For authorities whose number is less than 64, the bitstring representation and the list of integers representation are equivalent - we may provide a long bit mask, or a zero terminated list of integers. Some implementations may refuse to accept bitstrings longer than 64 bits, generating a bad data exception.

We will have a variety of contact information schemas. The contact information needs to be signed by the key to be contacted, but that turns out to have surprisingly messy logistics in getting things rolling. When you are setting up a server, you want to both grant authority to its secret key (which is what “Lets Encrypt” does), and publish its network address which is what the DNS does. With “lets encrypt” you publish the network address insecurely, then “lets encrypt” insecurely finds a host key claiming the name at that network address. Which system works only because of the good behavior of the centralized authority authorizing domain name service.

The entity that has the master secret somehow controls both machines. That is, after all, what we want to prove to third parties. To generate the necessary certificates, the machine without the master secret has to have a connection to the machine that has the master secret. One initiates a connection to the other, then they generate the necessary certificates. The master at that point learns the slave public key and proves to himself that network address works. But the machine with the key does not necessarily know its own network address. The party authorizing the key of machine being authorized does know it, and the two machines can trust each other because under the control of the same party.

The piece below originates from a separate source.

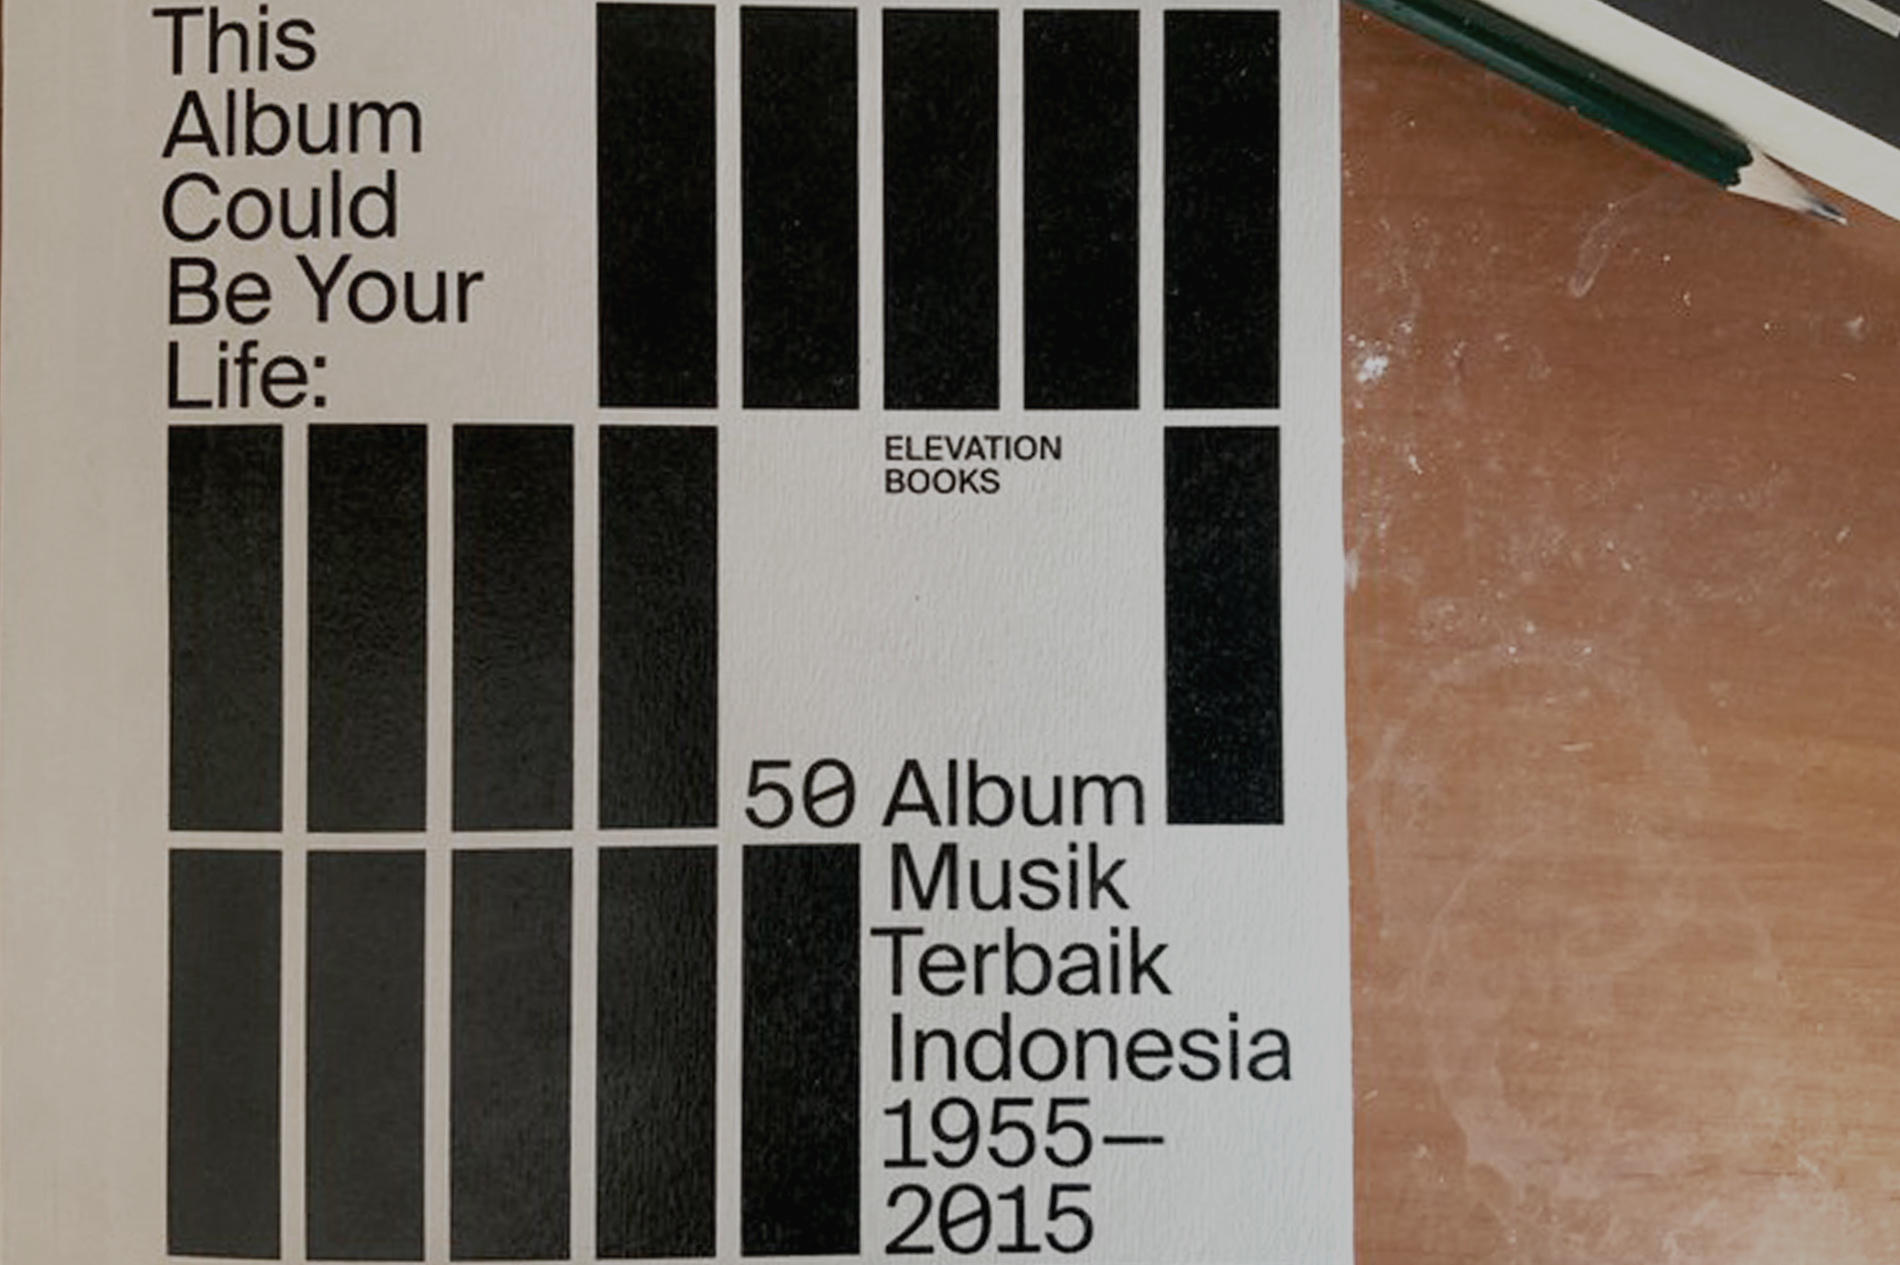 Menanggapi Catatan Taufiq Rahman dalam Buku “This Album Could Be Your Life: 50 Album Musik Terbaik Indonesia 1955-2015”

Whenever two parties communicate, they can verify the external network addresses associated with the others key, but not the external network address associated with their own key. And if we are talking authorization, we have a trust relationship that can be used to prove the network address to key at that network address. To avoid the key revocation problem, it is easier and safer if network address information is distributed with authorization information.

The key actually used is authenticated by the master key through a chain of certificates, which are normally gathered together in yet another higher level schere, which to be valid must have a valid link in each link in the chain. This higher level chain contains all the signatures, plus network address information, but the individual links in the chain, and the signed network address, are independently valid, and do not have to be actually contiguous and in order in a chain to be useful. The higher level schere is useful merely because it is sometimes convenient to pack related data as one big ordered bundle, a pile of facts only useful because they prove one fact, the beginning and end of the chain.

If someone is relying on a chain of authorities, any key in that chain can sign network address for itself or any descendants in the chain. But this requires yet another schema, which should combine a grant of authority with a network address.